# Standard trimmed Harrell-Davis median estimator

Update: this blog post is a part of research that aimed to build a new measure of statistical dispersion called quantile absolute deviation. A preprint with final results is available on arXiv: arXiv:2208.13459 [stat.ME]. Some information in this blog post can be obsolete: please, use the preprint as the primary reference.

In one of the previous posts, I suggested a new measure of dispersion called the standard quantile absolute deviation around the median ($$\operatorname{SQAD}$$) which can be used as an alternative to the median absolute deviation ($$\operatorname{MAD}$$) as a consistent estimator for the standard deviation under normality. The Gaussian efficiency of $$\operatorname{SQAD}$$ is $$54\%$$ (comparing to $$37\%$$ for MAD), and its breakdown point is $$32\%$$ (comparing to $$50\%$$ for MAD). $$\operatorname{SQAD}$$ is a symmetric dispersion measure around the median: the interval $$[\operatorname{Median} - \operatorname{SQAD}; \operatorname{Median} + \operatorname{SQAD}]$$ covers $$68\%$$ of the distribution. In the case of the normal distribution, this corresponds to the interval $$[\mu - \sigma; \mu + \sigma]$$.

If we use $$\operatorname{SQAD}$$, we accept the breakdown point of $$32\%$$. This makes the sample median a non-optimal choice for the median estimator. Indeed, the sample median has high robustness (the breakdown point is $$50\%$$), but relatively poor Gaussian efficiency. If we use $$\operatorname{SQAD}$$, it doesn’t make sense to require a breakdown point of more than $$32\%$$. Therefore, we could trade the median robustness for efficiency and come up with a complementary measure of the median for $$\operatorname{SQAD}$$.

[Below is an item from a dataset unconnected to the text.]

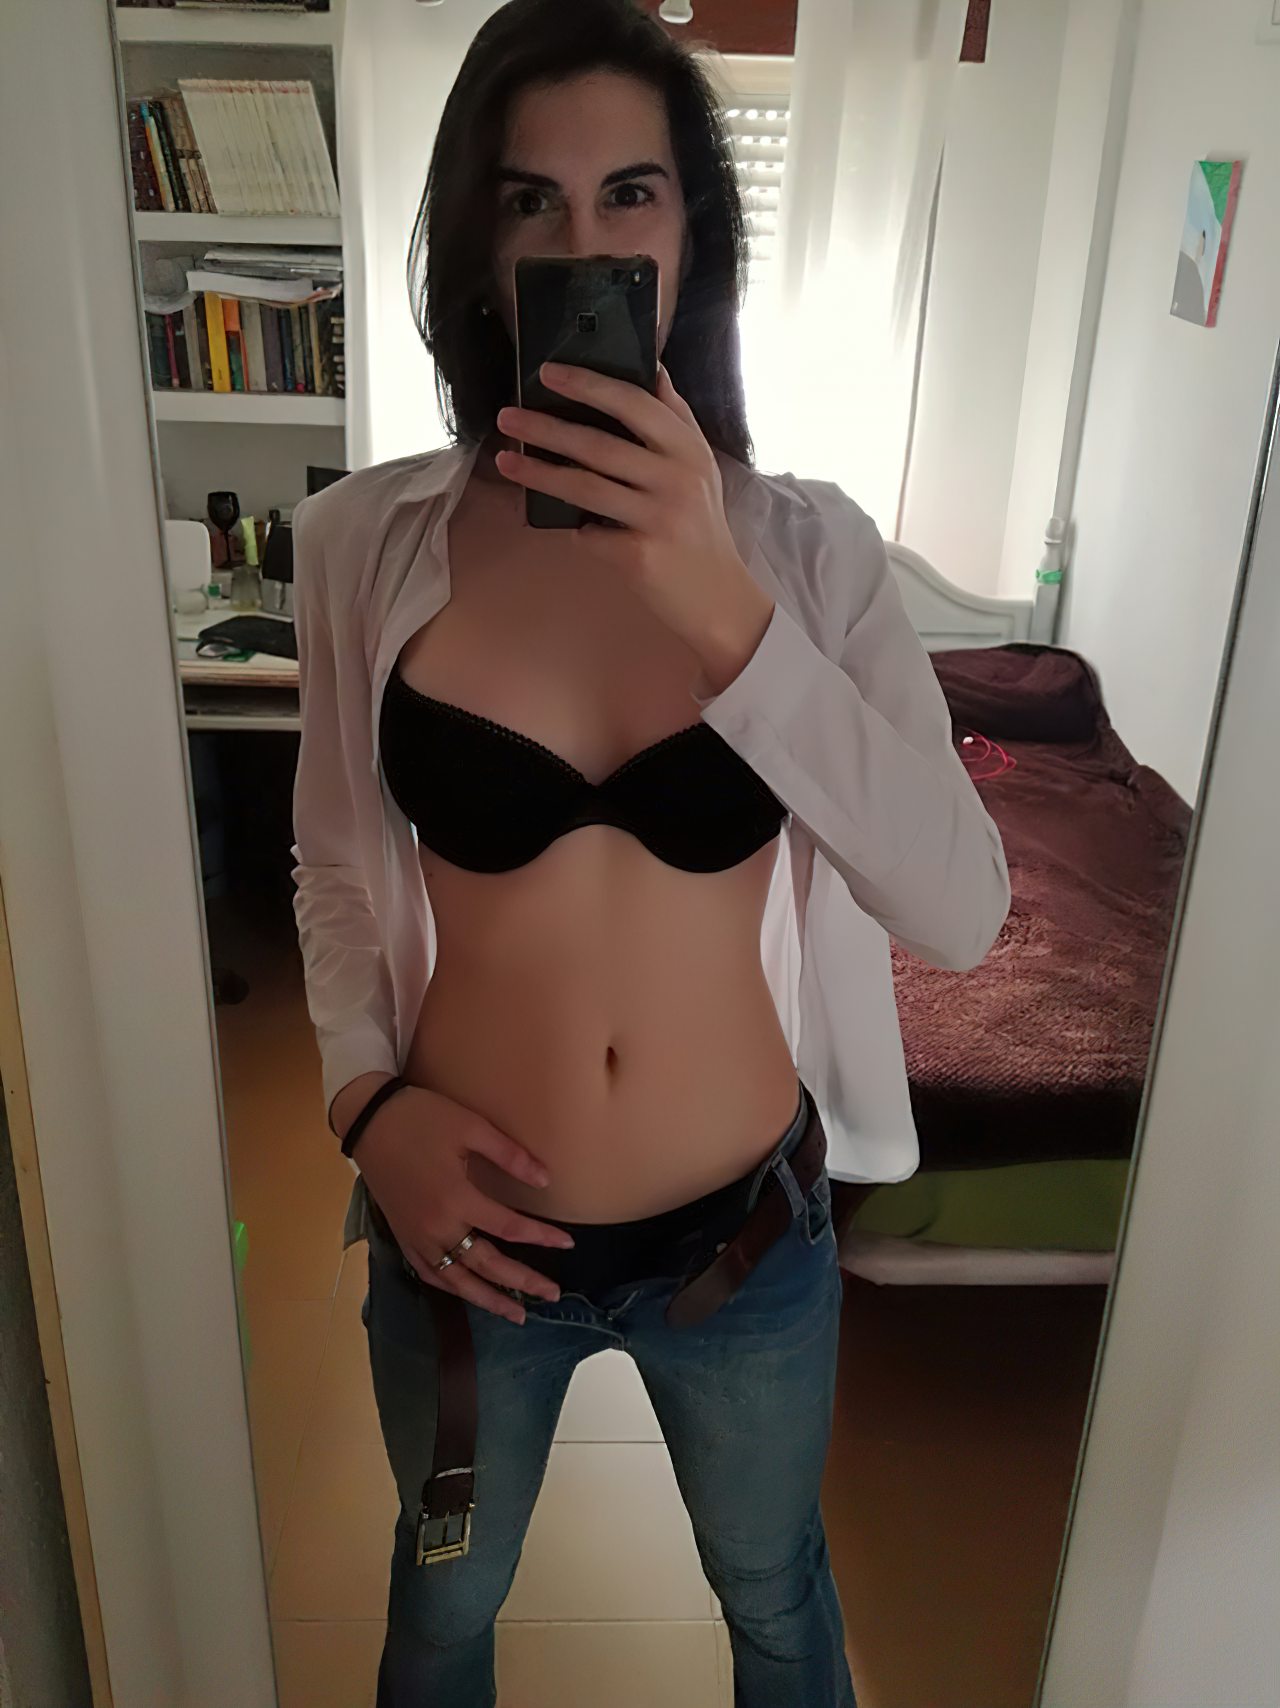 Travesti Adolescente Mostrando Corpo (2)
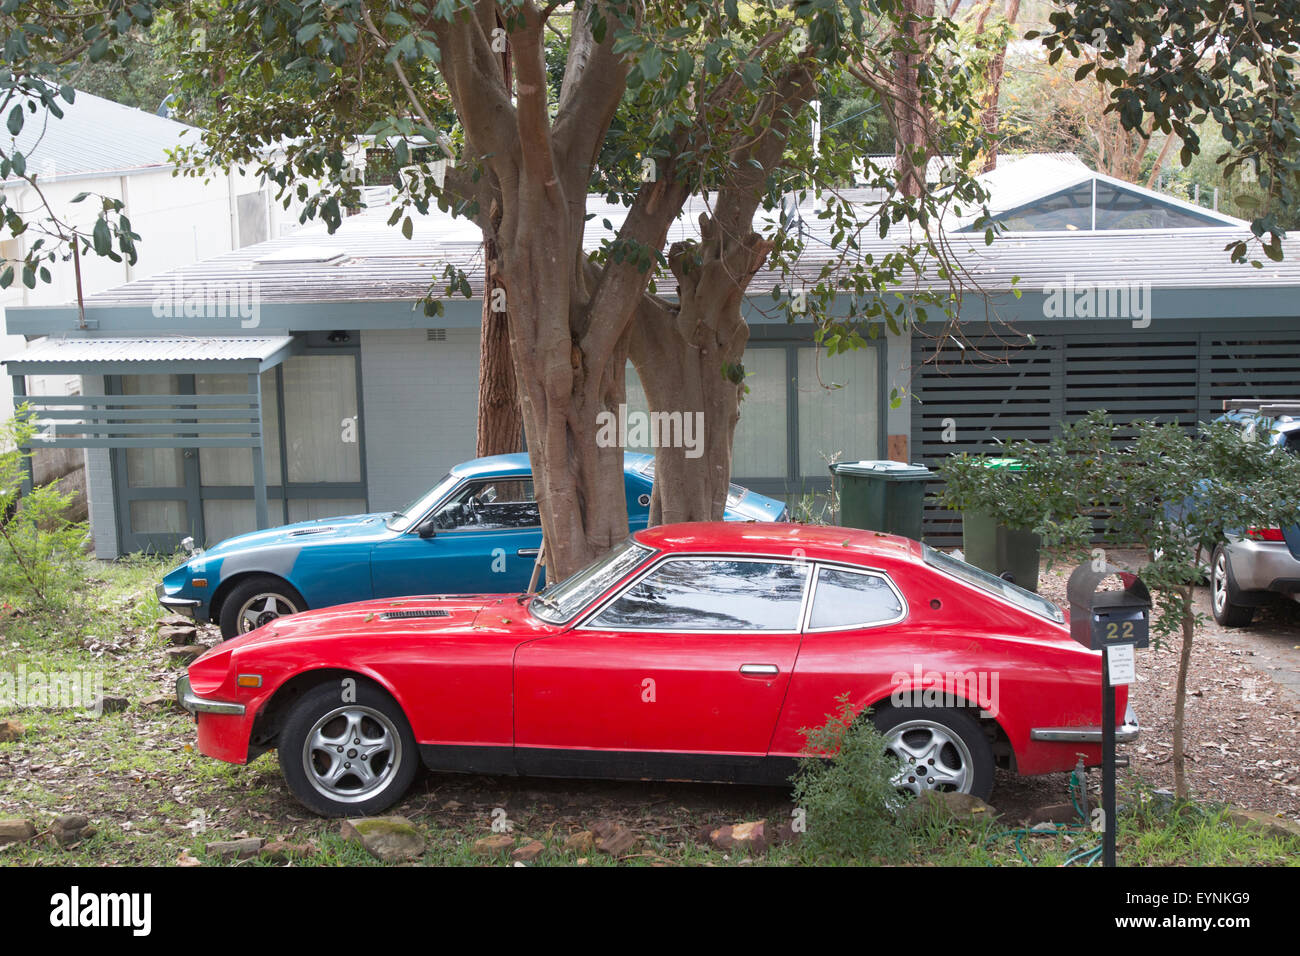 Two vintage Datsun 240z cars in Sydney,Australia Stock Photo

In this post, we introduce the standard trimmed Harrell-Davis median estimator which shares the breakdown point with $$\operatorname{SQAD}$$ and provides better finite-sample efficiency comparing to the sample median.

### Trimmed Harrell-Davis quantile estimator

The concept of this estimator is fully covered in my recent paper [Akinshin2022]. Here I just briefly recall the basic idea.

Let $$x$$ be a sample with $$n$$ elements: $$x = \{ x_1, x_2, \ldots, x_n \}$$. We assume that all sample elements are sorted ($$x_1 \leq x_2 \leq \ldots \leq x_n$$) so that we could treat the $$i^\textrm{th}$$ element $$x_i$$ as the $$i^\textrm{th}$$ order statistic $$x_{(i)}$$. Based on the given sample, we want to build an estimation of the $$p^\textrm{th}$$ quantile $$Q(p)$$.

The classic Harrell-Davis quantile estimator (see [Harrell1982]) suggests the following approach:

$Q_{\operatorname{HD}}(p) = \sum_{i=1}^{n} W_{\operatorname{HD},i} \cdot x_i,\quad W_{\operatorname{HD},i} = I_{i/n}(\alpha, \beta) - I_{(i-1)/n}(\alpha, \beta),$

where $$I_x(\alpha, \beta)$$ is the regularized incomplete beta function, $$\alpha = (n+1)p$$, $$\;\beta = (n+1)(1-p)$$.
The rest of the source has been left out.